# Cool Breeze



## Pheonix (May 1, 2012)

copied from original thread



RubyOutlaw said:


> IMPORTANT INFO FOR ALL TRAVELERS!
> 
> I am only posting this because this type of person poses a serious problem for all travelers. When you are on the road with someone you literally have your life in their hands and vice versa. Trust is important among road dogs and this guy crossed every line he could have.
> 
> ...





menu said:


> do you have any pics? or know where to find em?





RubyOutlaw said:


> Ill text it to you. I dont want to post the one I have because my friend, who I mentioned in the posts, is in it. I know she's not happy that they had so many photos together considering he was creeping on her cousin and all. He also has an STP page under koul breeze





RubyOutlaw said:


> wait...I dont have your number... I forgot that....I smoke too much funny tobacco





finn said:


> More of a description would be useful- especially height and weight and tattoos- stuff that would not be easily changed.





ShinyKitKat said:


> Ah thanks for the heads up. I agree with finn. It'd be nice to atleast have a discription of what this guy looks like.





RubyOutlaw said:


> Alright, Give me a moment guys. I could give a description but he's your run of the mill, middle aged man with nothing that would make him stand out. I do have a photo and am trying to post that now.





RubyOutlaw said:


> ​http://www.travelershq.org/viewtopic.php?f=24&t=351&sid=c142e78052c7af35d4395e9e28512571​
> Here is an attempt at a link for TravelersHQ its got photos of him and all sorts of other info. This guy really is dangerous. This is been a few days and more and more is coming to light.





RubyOutlaw said:


> most of the links you will find on this link are a no go because they were deleted by fb administration. but keep trying I am looking them over myself and If I cannot find a working picture I will post the one I do have





RubyOutlaw said:


> View attachment 10128





MiztressWinter said:


> I can testify to this much about him: he sent me a friend request on fb out of nowhere. I approved him cuz he is a *fellow traveler* and I try to give people the benefit of the doubt. Then I got a friend request from his *sister*. Over time I noticed almost everything she posted was about her brother *koul*. Ends up...she was a fake profile he made. After a little research I discovered (because I know quite a bit about photography) that the pics of his *sister* and *gf* were pics he uploaded from another site without permission. He literally would have conversations with himself basically between all these fake accounts. This guy is a certified fucking wing nut. A friend of mine ..nacho...met him in person and thought he was a little off but this was before everything came to light. Be careful folks!


----------



## Sc0ut (May 15, 2012)

is this a stocky blonde dude named chris from nc?


----------



## Lefty (Dec 25, 2015)

he goes by john burns on FB... people should know about this creepy fuck


----------



## Kim Chee (Dec 27, 2015)

Lefty said:


> he goes by john burns on FB... people should know about this creepy fuck



There are 3,472 people named John Burns on FB.

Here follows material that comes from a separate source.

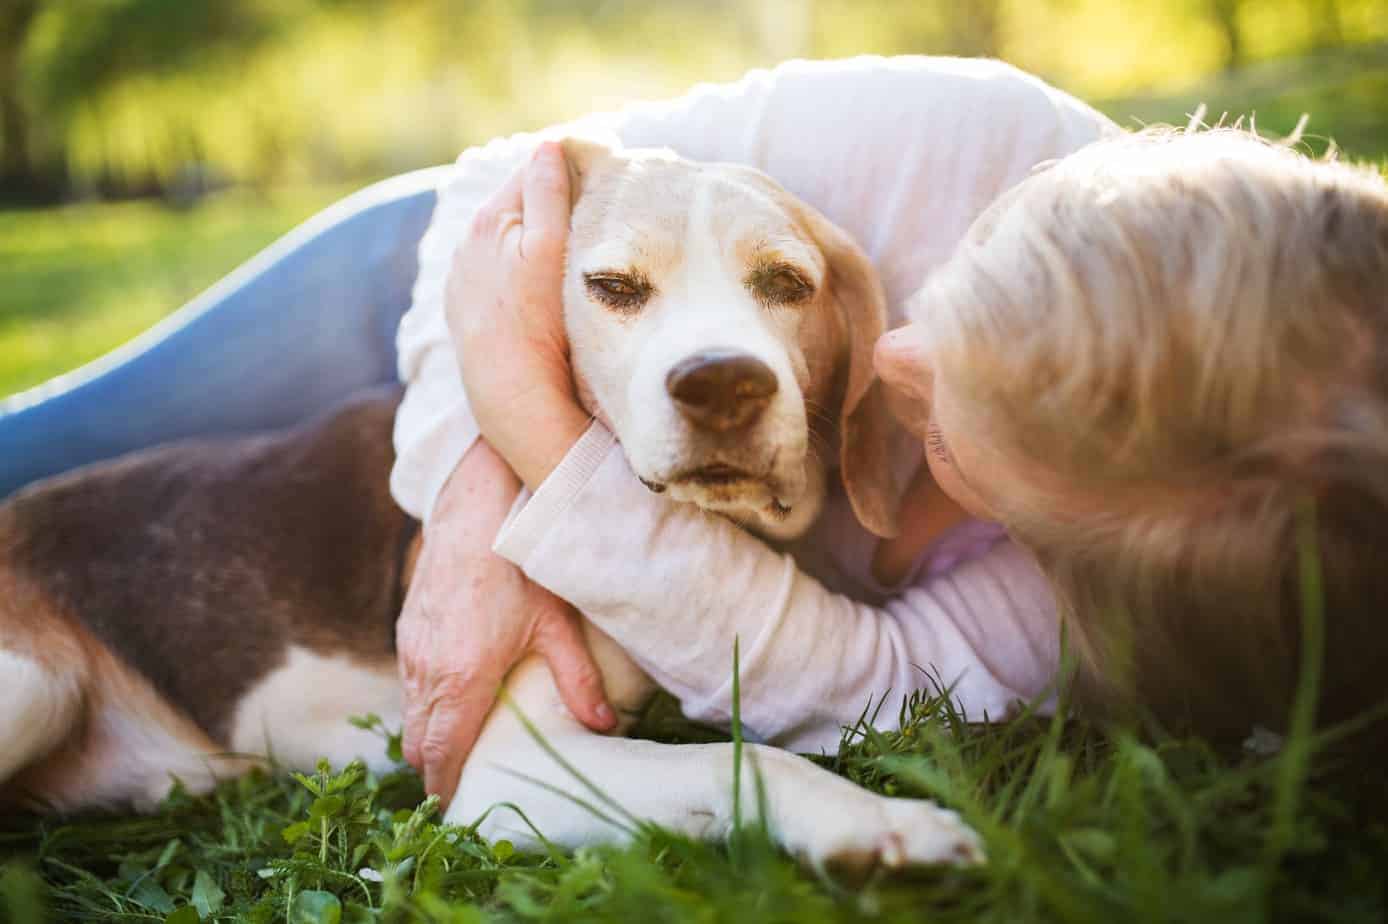 Woman cuddles her senior dog. Senior dogs require extra care.

Do you have another way to distinguish him from all the other John Burns'?


----------



## Lefty (Dec 28, 2015)

https://www.facebook.com/Trainrider36?fref=ts


----------



## Kim Chee (Dec 28, 2015)

Link


Lefty said:


> https://www.facebook.com/Trainrider36?fref=ts



Link doesn't work fo me.


----------



## Matt Derrick (Jan 13, 2016)

7xMichael said:


> Link
> 
> 
> Link doesn't work fo me.



worked for me.


----------



## drode (Apr 15, 2017)

He's a good rider. I mean he only does grainers becauss of his dog, and because he's old. But, it's like every week he likes different hot women of varying professions on his FB. He says he's been riding for a long long time, but from what I can find, he's been only on the road 3-5 years, insist's he's a real hobo though he only flys a sign, and so many people ask him for info but it's all copied from the ccg.


----------



## watson (Jun 1, 2017)

drode said:


> He's a good rider. I mean he only does grainers becauss of his dog, and because he's old. But, it's like every week he likes different hot women of varying professions on his FB. He says he's been riding for a long long time, but from what I can find, he's been only on the road 3-5 years, insist's he's a real hobo though he only flys a sign, and so many people ask him for info but it's all copied from the ccg.



Laid back guy. Super resourceful when it comes to train stuff. Not all of his info is straight from the cc. Guy defidently knows his stuff. Idk about his past but i have him on facebook and he seems harmless and super knowledgeable.


----------